Aquisição Bilionária e a Resiliência da Equipe

A Apple compra startup israelense, supostamente por US$ 2 bilhões, que lê ‘micromovimentos’ faciais.
Em sua segunda maior aquisição da história, a gigante de tecnologia americana adquire a Q.ai em meio a um esforço para entrar no mercado de wearables; 30% dos funcionários da empresa foram convocados para o serviço militar na reserva em 7 de outubro.
Tecnologia de Micromovimentos Facial
A Q.ai mantém sigilo público sobre sua tecnologia, mas patentes registradas mostram que ela está sendo usada em fones de ouvido ou óculos que utilizam “micromovimentos da pele facial” para comunicação não verbal, de acordo com o Financial Times
O vice-presidente de hardware da Apple, Johnny Srouji, afirmou em um comunicado que a startup está “criando novas e criativas maneiras de usar imagens e aprendizado de máquina”.

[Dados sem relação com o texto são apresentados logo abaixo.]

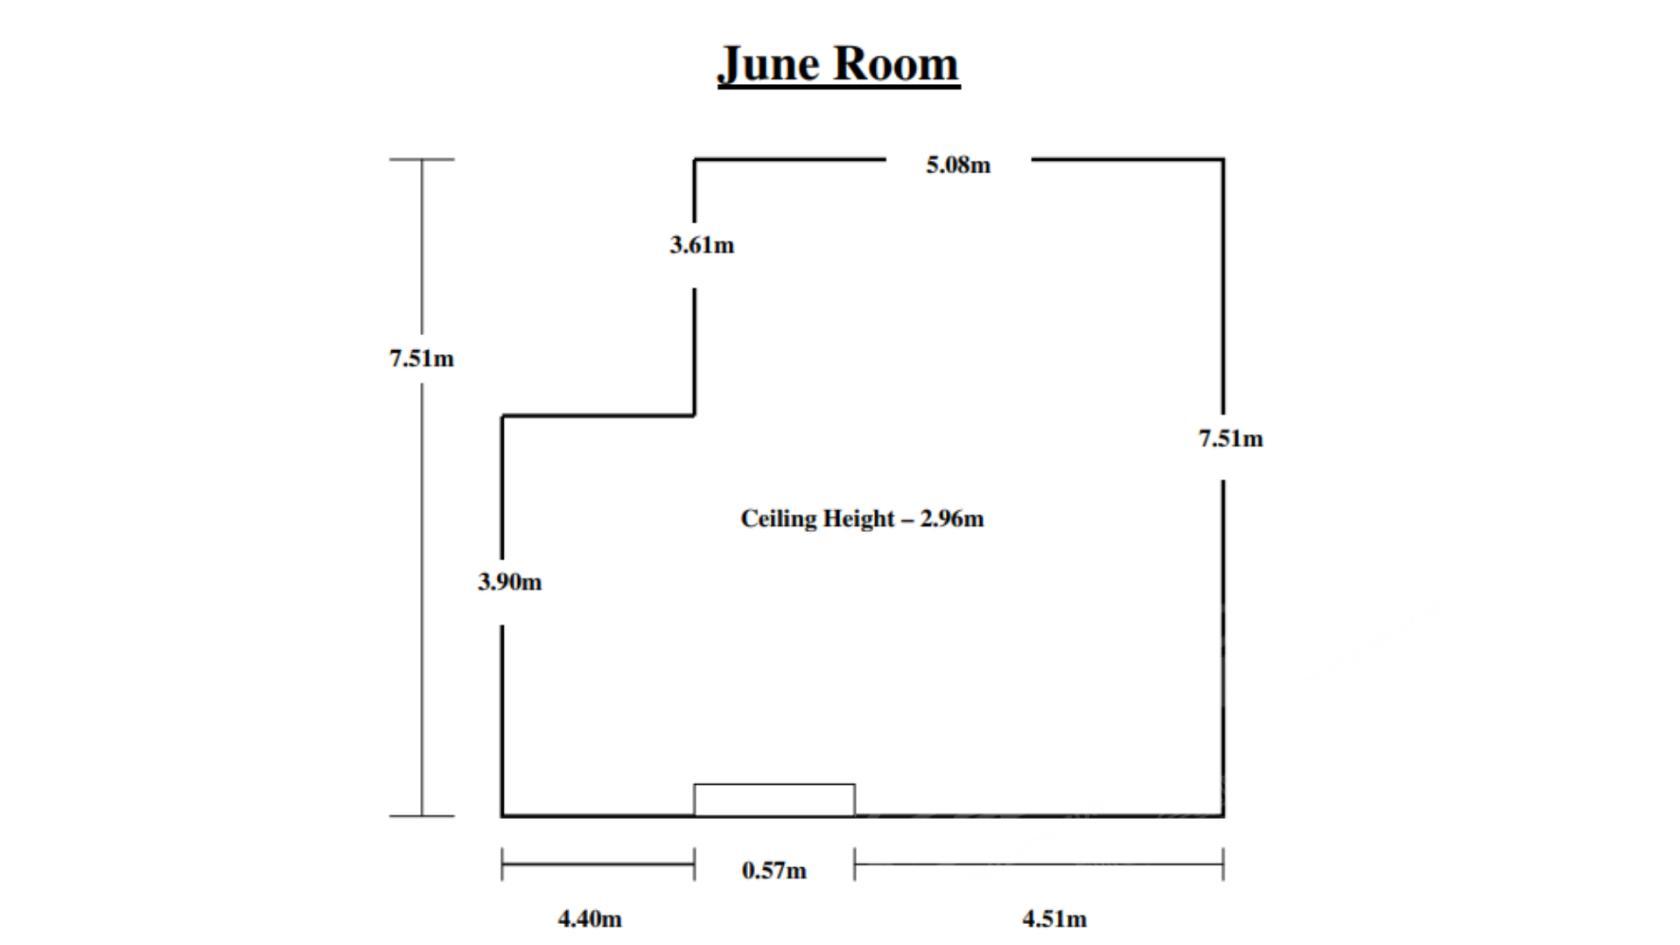 June Room

O Futuro dos Dispositivos “Vestíveis
Essa mudança pode ser parte da estratégia da Apple para produtos “vestíveis”, como óculos inteligentes. Segundo relatos, softwares que leem expressões faciais podem abrir caminho para uma interface de usuário sem o uso das mãos, que não exige falar em voz alta.

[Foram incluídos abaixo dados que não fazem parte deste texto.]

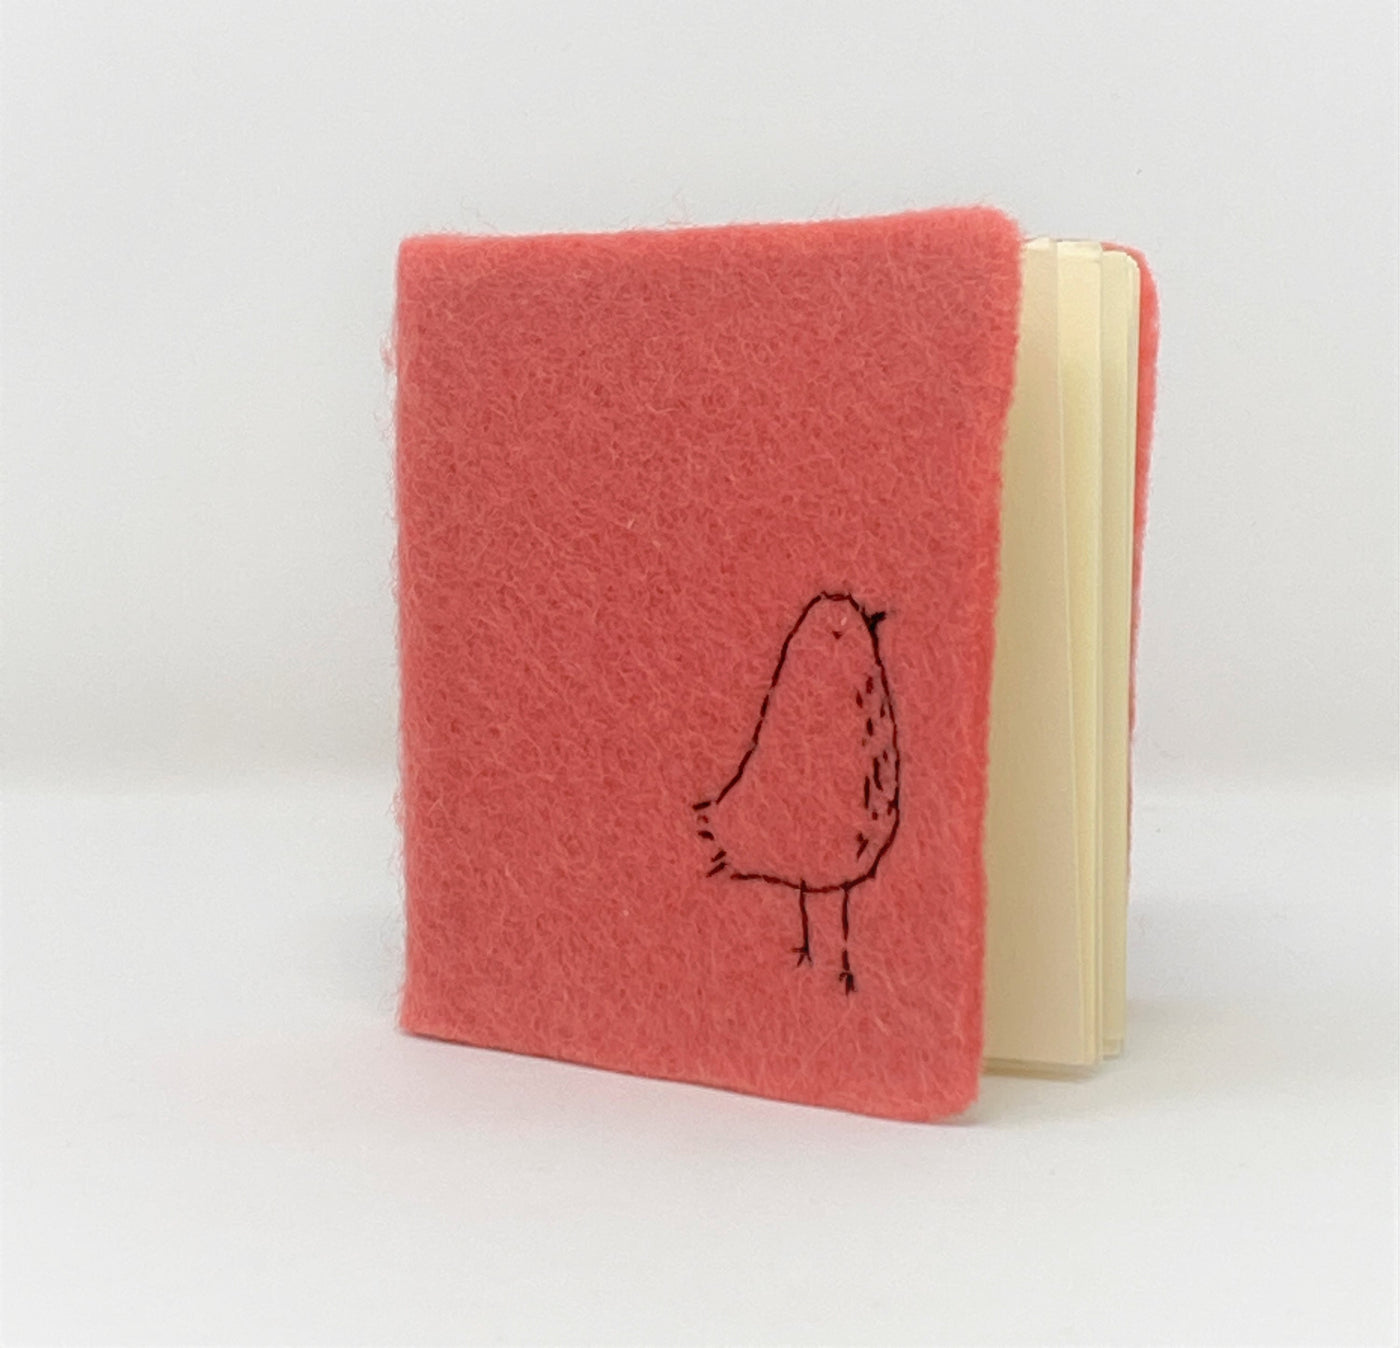 Little Felt Journal by Kata Golda Handmade

Tom Hulme, que dirige a GV (antiga Google Ventures), uma das principais investidoras da Q.ai, escreveu em uma postagem no blog sobre a aquisição: “Por décadas, fomos forçados a falar a língua da máquina: aprendendo a digitar, clicar e deslizar. Mas acreditamos que estamos no meio de uma nova revolução tecnológica: uma era em que a máquina finalmente aprende a nos entender.”
O Histórico de Sucesso entre Aviad Maizels e a Apple
Entre os outros investidores da Q.ai estão a Kleiner Perkins, a Spark Capital e a Exor, segundo o Financial Times.
A startup, fundada em 2022, é liderada por Aviad Maizels, cujo projeto anterior, PrimeSense, também foi adquirido pela Apple em 2013 e foi fundamental para o desenvolvimento do software de reconhecimento facial desta última.